Olympia, Washington, was given its name due to the fact that the majestic Olympic Mountains could be seen from the town's site off to the northwest. Founded in 1853, it became the state capital when Washington became a state in 1889. It is also the county seat of Thurston County.

Olympia covers 18.5 square miles at the southern end of the Puget Sound. Capital Lake, one of the lakes in the area, was created in Olympia as a result of damming the Deschutes River estuary. While the city has suffered earthquake damage over the years (in 1949, 1965, and 2001), it still provides a stable and structured environment for Olympia's approximately 45,000 residents.

Residents of the city enjoy sunny and warm summers, but their winters are very gray with a heavy rainfall. There is often a veil of fog over the city during the winter and, during the months from November to February, flooding of the city's creeks, rivers, and city streets is common.

Much of the arts and culture scene of Olympia comes as a result of nearby Evergreen State College. In 2003, Olympia was named by Outside magazine as one of the best college towns in the United States.
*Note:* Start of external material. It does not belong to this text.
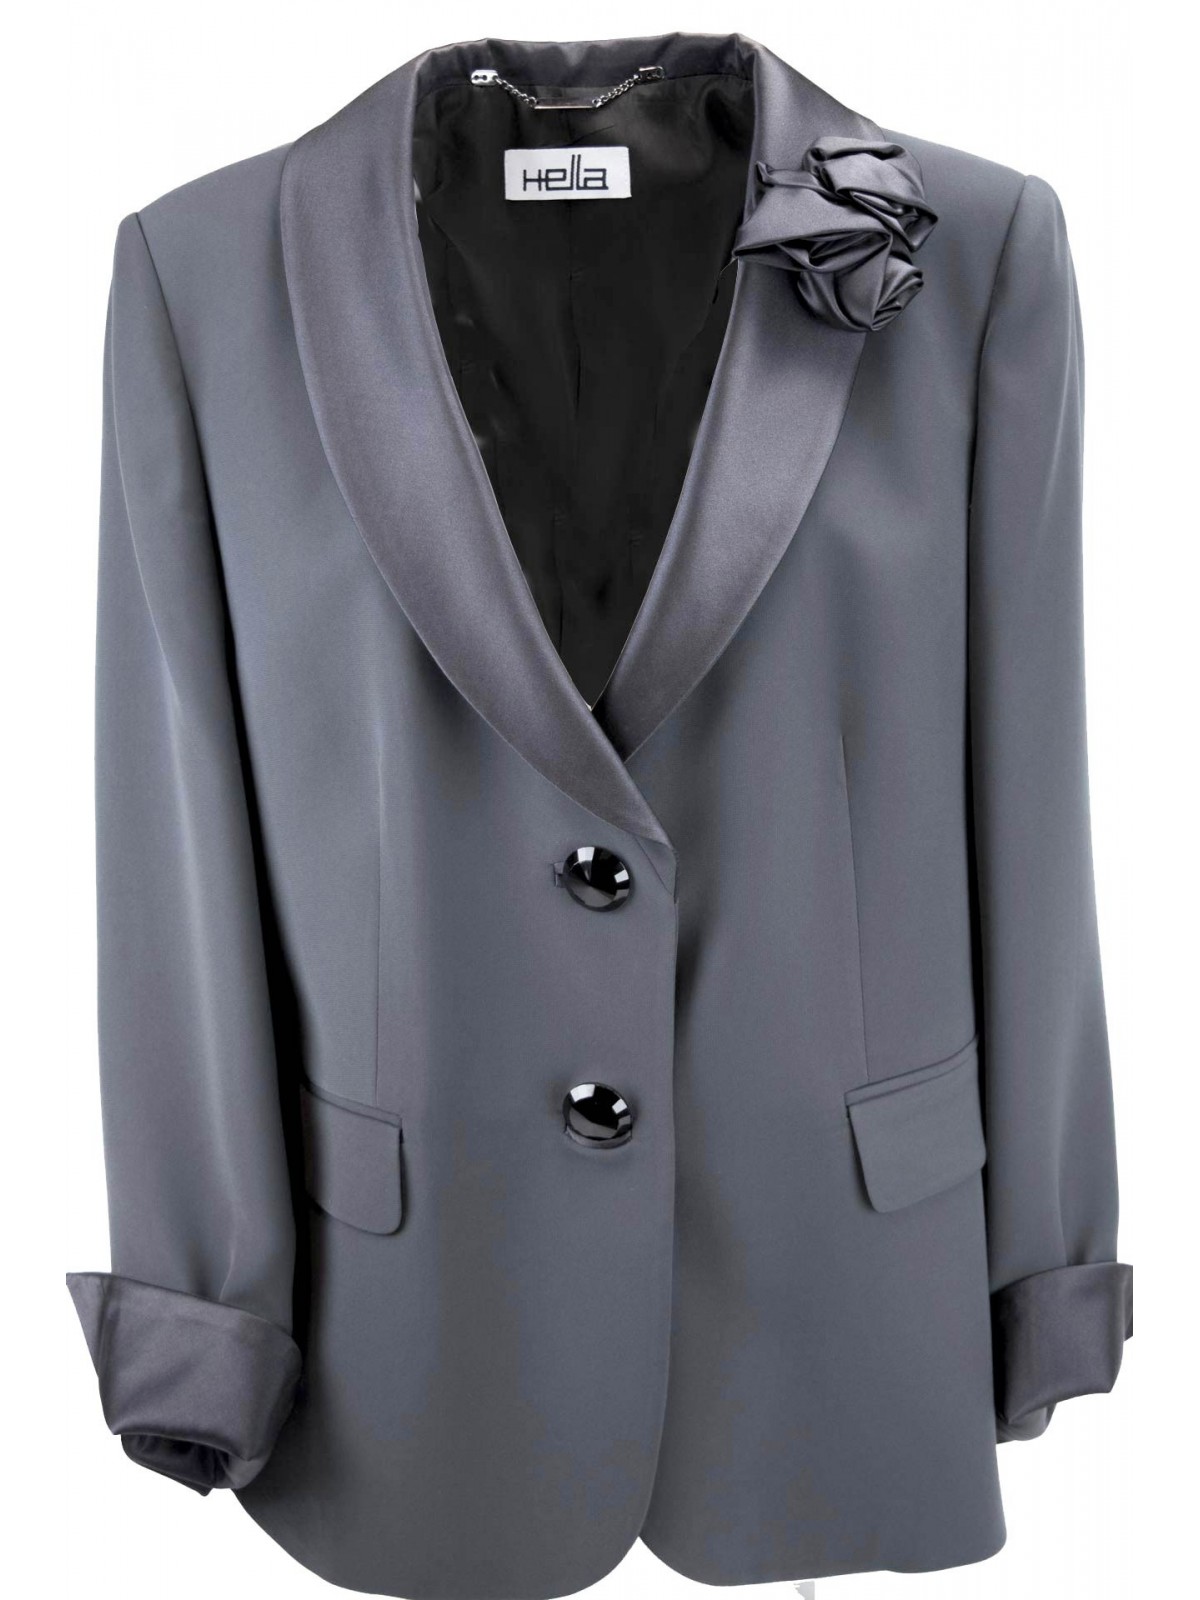 Tuxedo jacket Women's Grey size convenient - Blazer Elegant

There are a number of private schools and public schools in Olympia that educate the town's young residents. More than 12,000 students are enrolled in Olympia's 25 public schools, which are taught by nearly 600 teachers to create a student-to-teacher ratio of 21-to-1. The area's 11 private schools enroll just more than 1,000 students, who are taught by about 100 teachers. The student-to-teacher ratio in private schools is much lower at 11-to-1.

Olympia also has options for those seeking higher education:


Olympia has historically relied heavily on its port facilities and its lumber-based industries. Later, oyster farming and dairying became integral to the city's economy. After World War II, the city became a major transportation and service center for local lumber communities.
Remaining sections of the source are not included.